"Worlding" the discourse of Globalization: Power, Inequality, Identity.

Sankaran Krishna

Much of the discourse on globalization proceeds from the assumption that it refers to the accelerated movement of people, capital, fashions, ideas, commodities, and other entities across already-constituted borders and settled spaces. In other words, what is qualitiatively new about the events of the last few decades, to this perception, is largely a matter of speed and acceleration. In this paper, I argue that such a view on globalization is (a) deeply depoliticizing; (b) ahistorical and based on a politics of forgetting the material histories of the evolution of capitalism, colonialism and imperialism; (c ) unable to come to grips with the construction and reproduction of identity in late modern times; and, (d) incapable of centering questions of inequality and power in the contemporary world.

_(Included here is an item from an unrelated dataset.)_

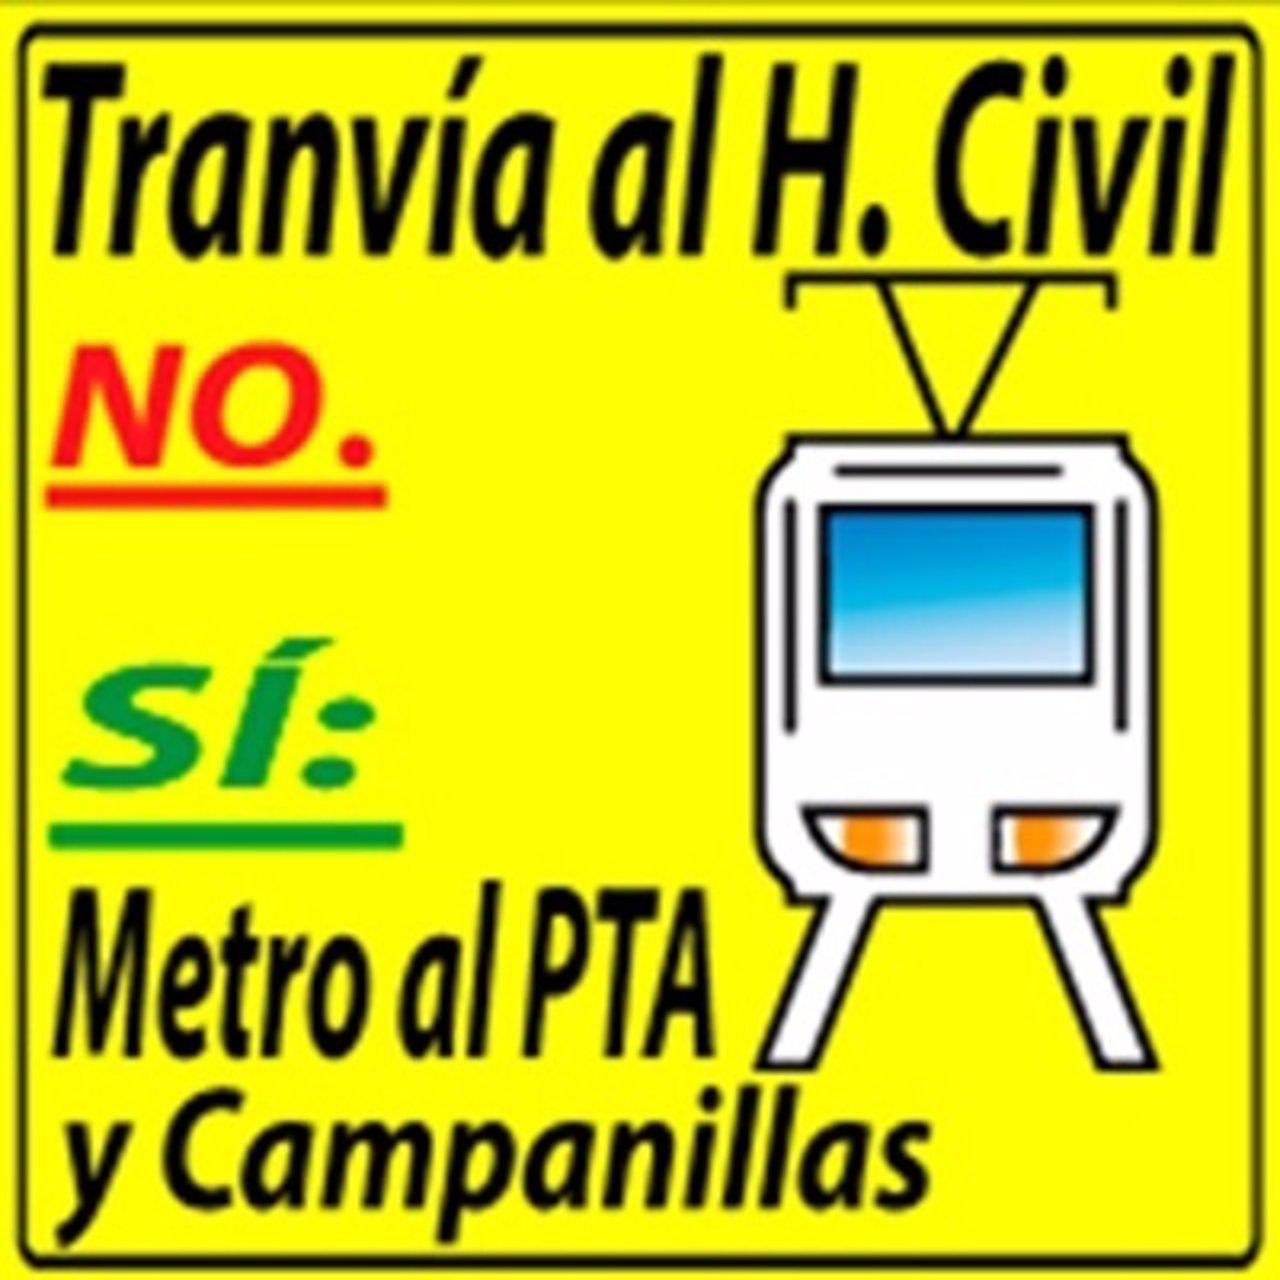 Logo plataforma contra el tranvía al Hospital Civil y a favor del metro al PTA

In order to politicize the study of globalization, to bring to the center the questions of inequality and power, I submit that a re-reading of 'globalization' discourse through the theoretical lenses of three thinkers of the 20th century might be productive: Martin Heidegger, Edward Said, and Gayatri Chakravorty-Spivak. All three of them have written in different ways about “worlding” - of the need to unpack the historical narratives that constitute every moment of the present as a crystallization of genealogies of oppression, inequality, and power. Using the works of these authors, my paper will argue a way of bringing a political edge to the sanitized and benignly capitalist-multiculturalist ethos that underlies much of the discourse on globalization.